Jamin has moved fields recently and the grazing is very good!  Because of this she has gained a little bit of weight.  She has no crest and a nice oval bum but she has fat deposits behind her shoulder and her ribs can only be felt with pressure applied.  Her paddock is small and their are 3 ponies inc Jamin grazing it.  2 of them are lami prone.  Jamin has never had lami but due to her age (27) she is obviously suspeptable to it.  It shouldnt take long for the paddock to become over grazed but I need to take care of Jamin in the mean time.  At the moment she still is having a handful of happy Hoof and Fast Fibre with Clarity and Equivite.  However her feed is more powder than feed and she isnt too impressed with it despite soaking.  I was thinking that perhaps I could cut out the equivite and fast fibre and replace with a balancer?
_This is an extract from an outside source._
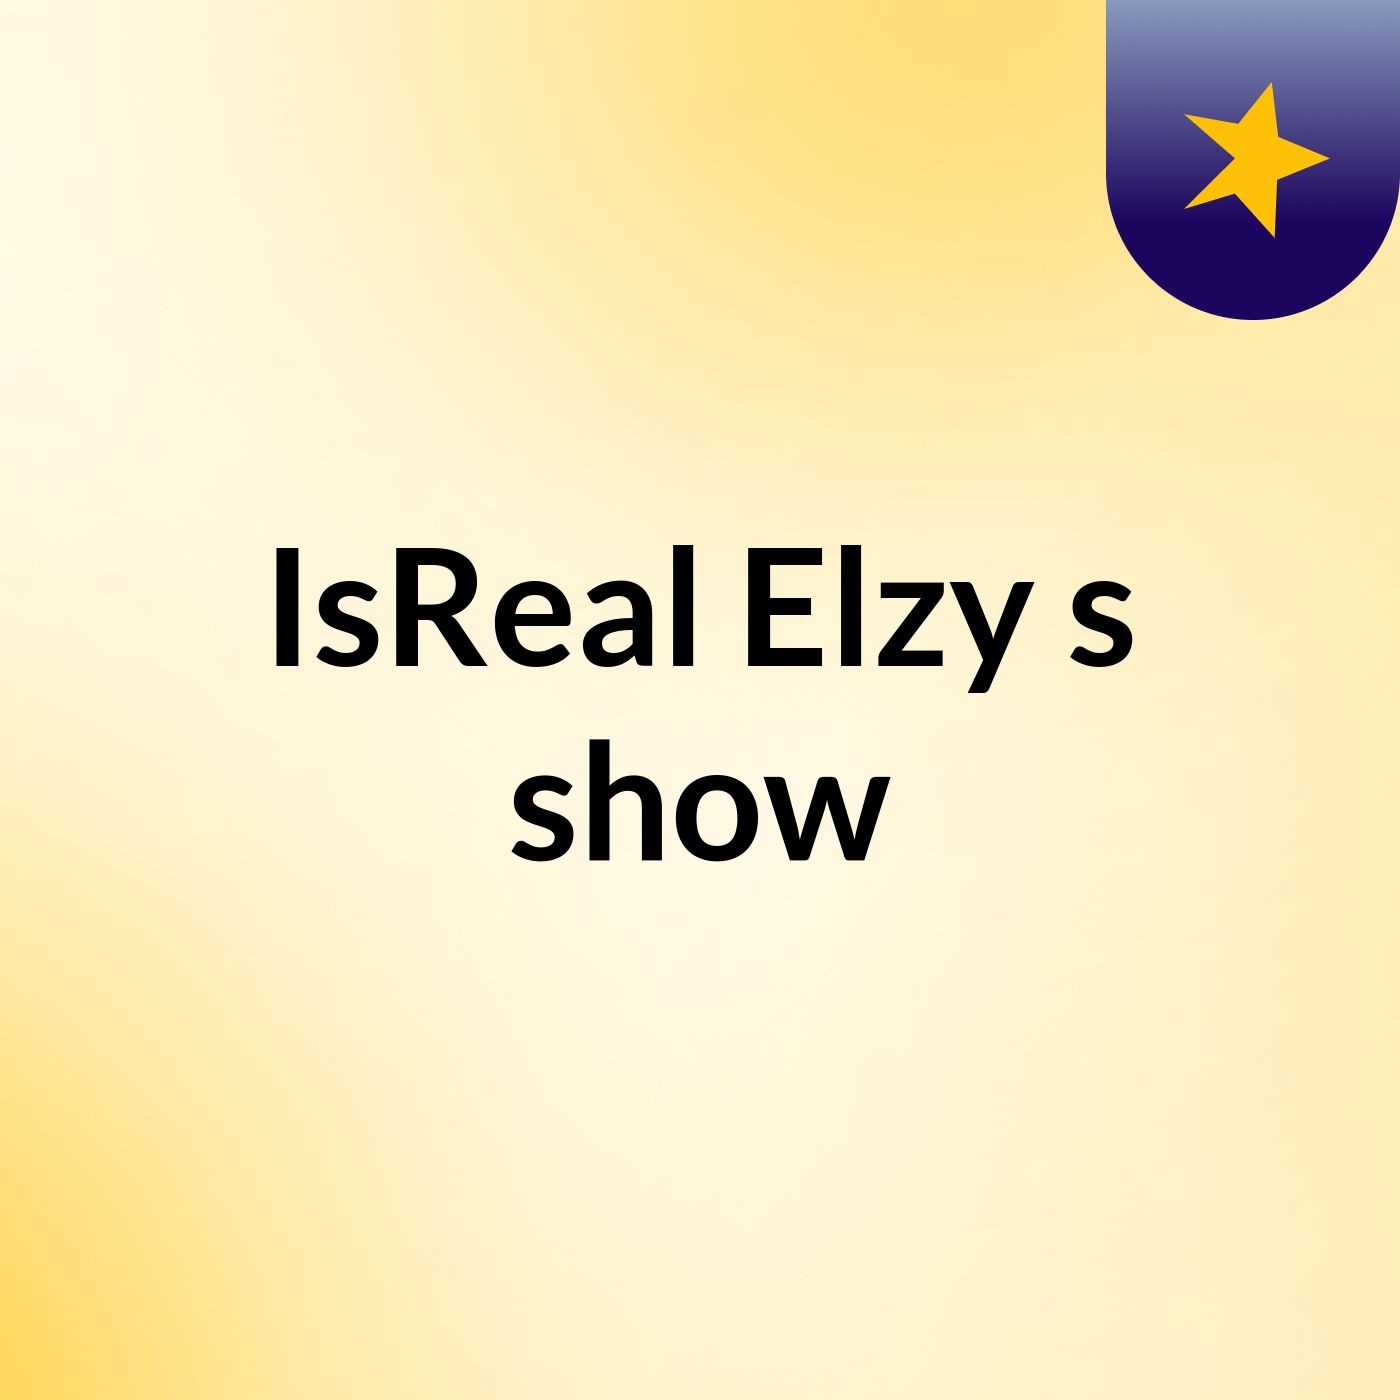 Episode 7 - IsReal Elzy's show
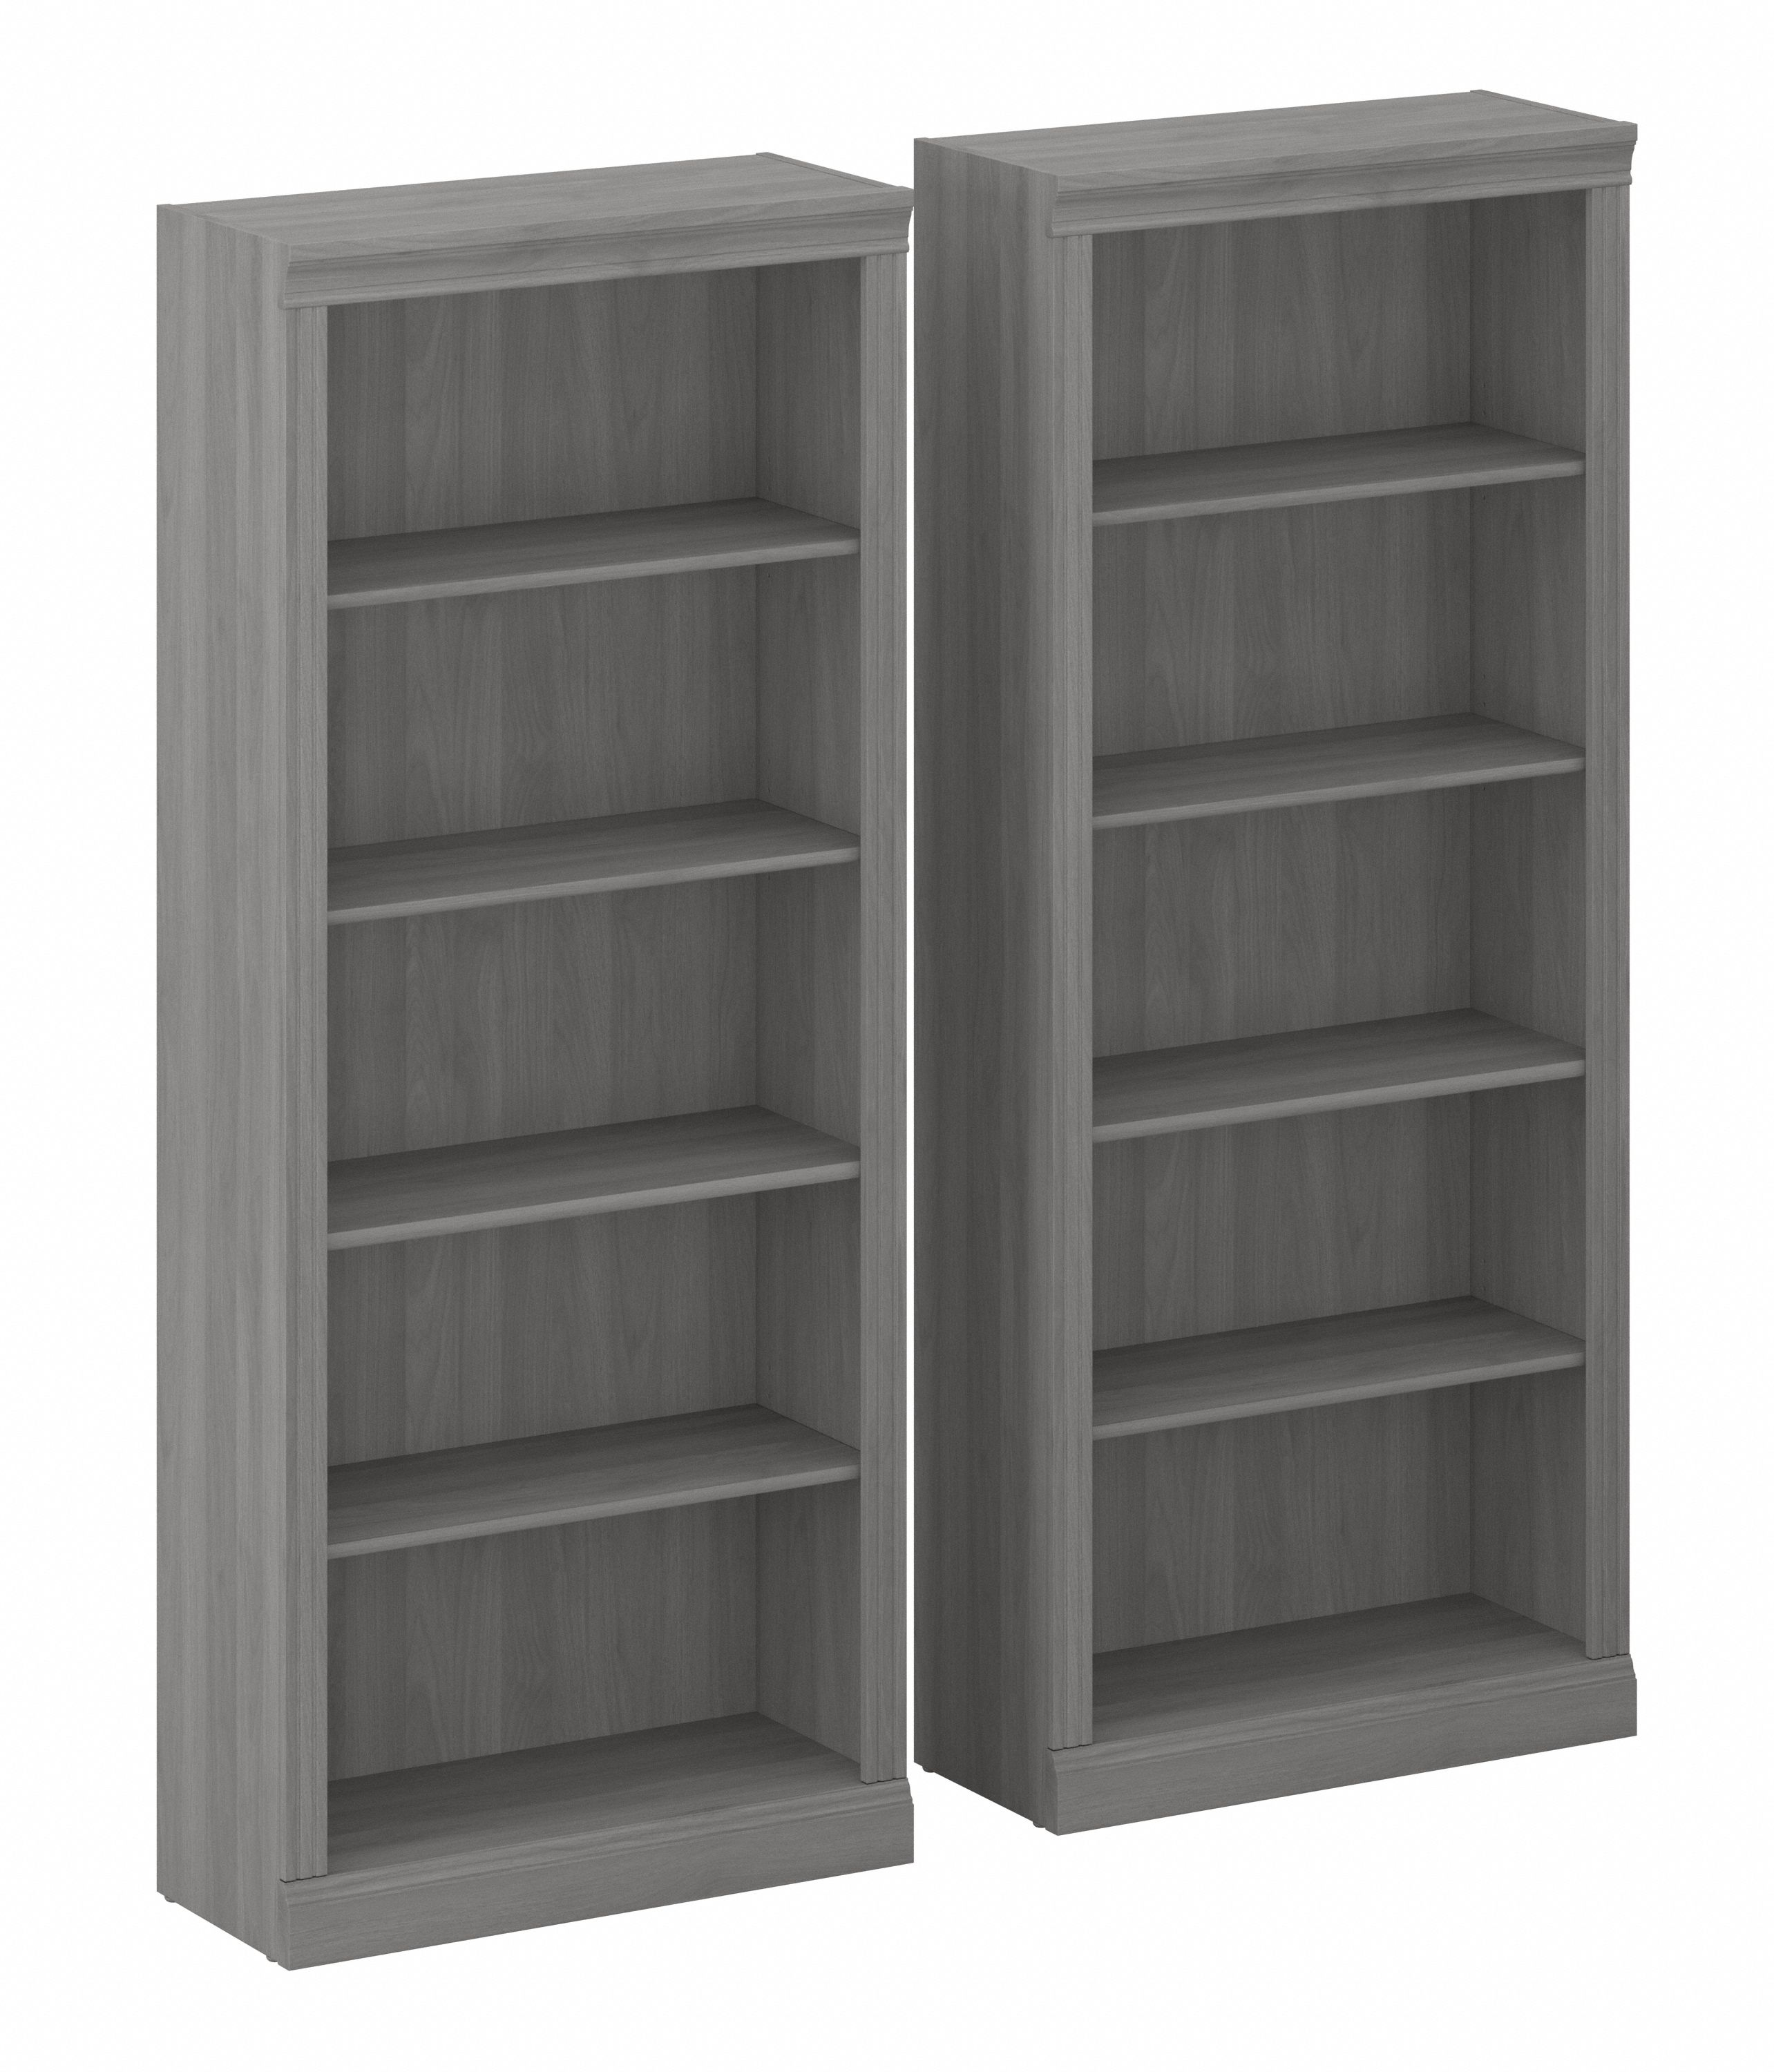 Shop Bush Furniture Saratoga Tall 5 Shelf Bookcase - Set of 2 02 SAR008MG #color_modern gray

I have been looking at Topspec Antilam, Bluechip Lami light and Formula 4 Feet.  Any recommendations or advice?


----------



## TGM (29 June 2010)

Does she really need a balancer or supplement whilst she is on good grazing?


----------



## SmartieBean09 (29 June 2010)

Perhaps not TGM.  I guess because I am already feeding Equivite that I would need to replace?  She looks very well and has an amzing coat.  Ideally I wouldnt feed her if I could get away with it but the other ponies get fed and Jamin stresses very easily.

There are plenty of nettles in her field which we cut and leave to dry.  There are also dandelions so I assume there is probably enough out there for her.


----------



## Archie07 (29 June 2010)

I feed my very good doer new forest Topspec Lite. He literally gets a handful token feed for coming in (I have to make it worth his while!) so well under the recommended rate. Even from the tiny amount he gets his coat is super shiny (he doesn't get groomed much recently) and his feet are excellent. I really rate the stuff and their helpline is very good.


----------



## applecart14 (29 June 2010)

Pink Powder by NAF

http://www.naf-uk.com/products/detail.php?id=19

Its excellent as a feed balancer and probiotic and it contains minerals, vitamins and MSM.  Finally it costs about £15 and last my horse about 5 weeks fed at one scoop per day.  Forget blue chip, topspec and all the other things, they are really not necessary and just a sales con.


----------



## SmartieBean09 (29 June 2010)

applecart14 said:



			Pink Powder by NAF

http://www.naf-uk.com/products/detail.php?id=19

Its excellent as a feed balancer and probiotic and it contains minerals, vitamins and MSM.  Finally it costs about £15 and last my horse about 5 weeks fed at one scoop per day.  Forget blue chip, topspec and all the other things, they are really not necessary and just a sales con.
		
Click to expand...

I use Pink Powder in the winter and agree, it is much better than any other balancer.  my only issue here is that I ned to get away from powder as I am not feeding enough to mix in.


----------



## TGM (29 June 2010)

SmartieBean09 said:



			Perhaps not TGM.  I guess because I am already feeding Equivite that I would need to replace?  She looks very well and has an amzing coat.  Ideally I wouldnt feed her if I could get away with it but the other ponies get fed and Jamin stresses very easily.
		
Click to expand...

So why not just feed her a handful of Happy Hoof when everyone else is being fed just so she doesn't feel left out.  I feel supplements/balancers are more valuable in the winter when grass is poor and micronutrients may be lacking in the hay.  However, in the summer if horse is on good grazing and looks well, coat good, feet good etc., then supplementation is probably not necessary.


----------



## SmartieBean09 (29 June 2010)

TGM said:



			So why not just feed her a handful of Happy Hoof when everyone else is being fed just so she doesn't feel left out.  I feel supplements/balancers are more valuable in the winter when grass is poor and micronutrients may be lacking in the hay.  However, in the summer if horse is on good grazing and looks well, coat good, feet good etc., then supplementation is probably not necessary.
		
Click to expand...

Which actually makes sense.  I always feed Pink Powder in winter.  Have been down the balancer route before and much prefer PP. I shall leave her with her Happy Hoof.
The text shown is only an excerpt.